Find the similarity between two text files.The similarity index needs to b defined by yrself. The similarity shud b content based! for example two docs talki abt tennis n cricket will hv a lower similarity index than both talkin abt the sam sport. Please suggest how to approach this problem.
I realize that English might not be your first language. In that case, do not use AOL-speak guides as a suitable translator or dictionary. I would not give the sweat off my balls to a person so lazy as to use 'b' for 'be'. There are innumerable other examples in your post. Work. Break a sweat. Expend some energy. Post some ideas or some code. Then you will receive help. Don't post code without learning about code tags.
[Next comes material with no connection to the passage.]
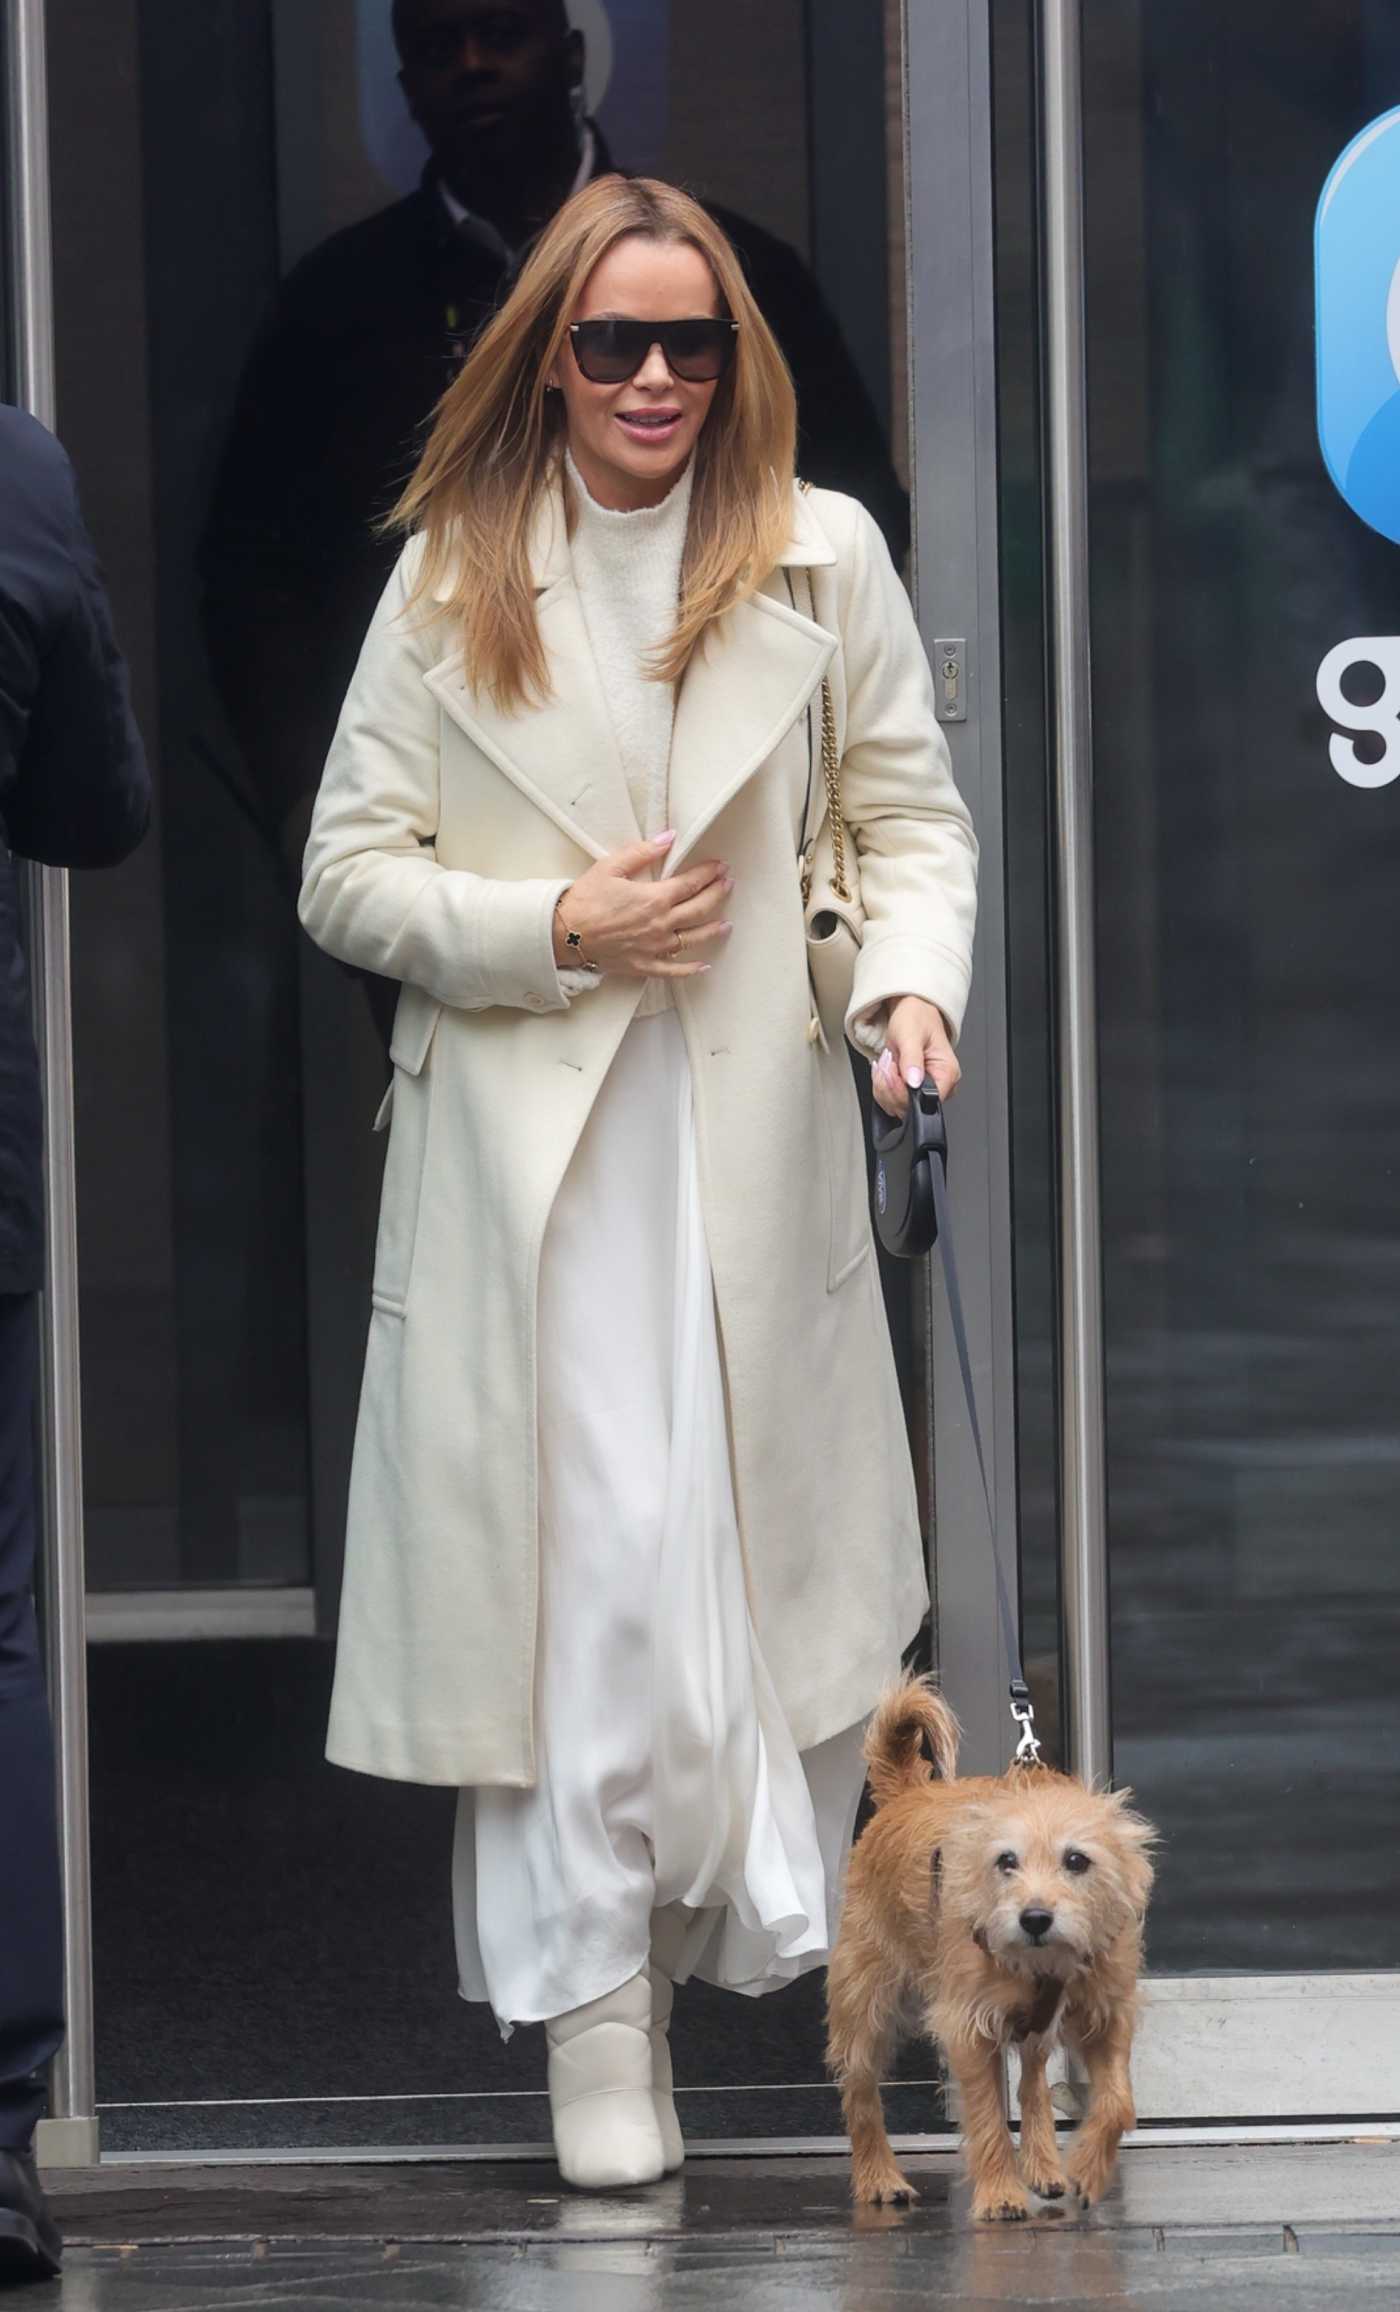 Amanda Holden in a White Coat Exits the Heart Radio with Her Pet Dog Rudie in London 03/17/2023

You should be comparing using the Dynamic programming technique. That way you can find the similarity between 2 strings. Use the NEEDLEMAN AND WUNSCH ALGORITHM or SMITH-WATERMAN ALGORITHM for sequence comparison using the Dynamic programming approach
I will take care to post it properly next time. The algorithms you suggested, as far as I know, are used for string matching and DNA matching espicially pairwise sequence matching. Can you also suggest some other algorithm of lesser complexity? Thanks for your help.
NEEDLEMAN AND WUNSCH ALGORITHM is a very simple algorithm and is the basic of dynamic programming but your requirement to match the conversation is not that simple to analyze.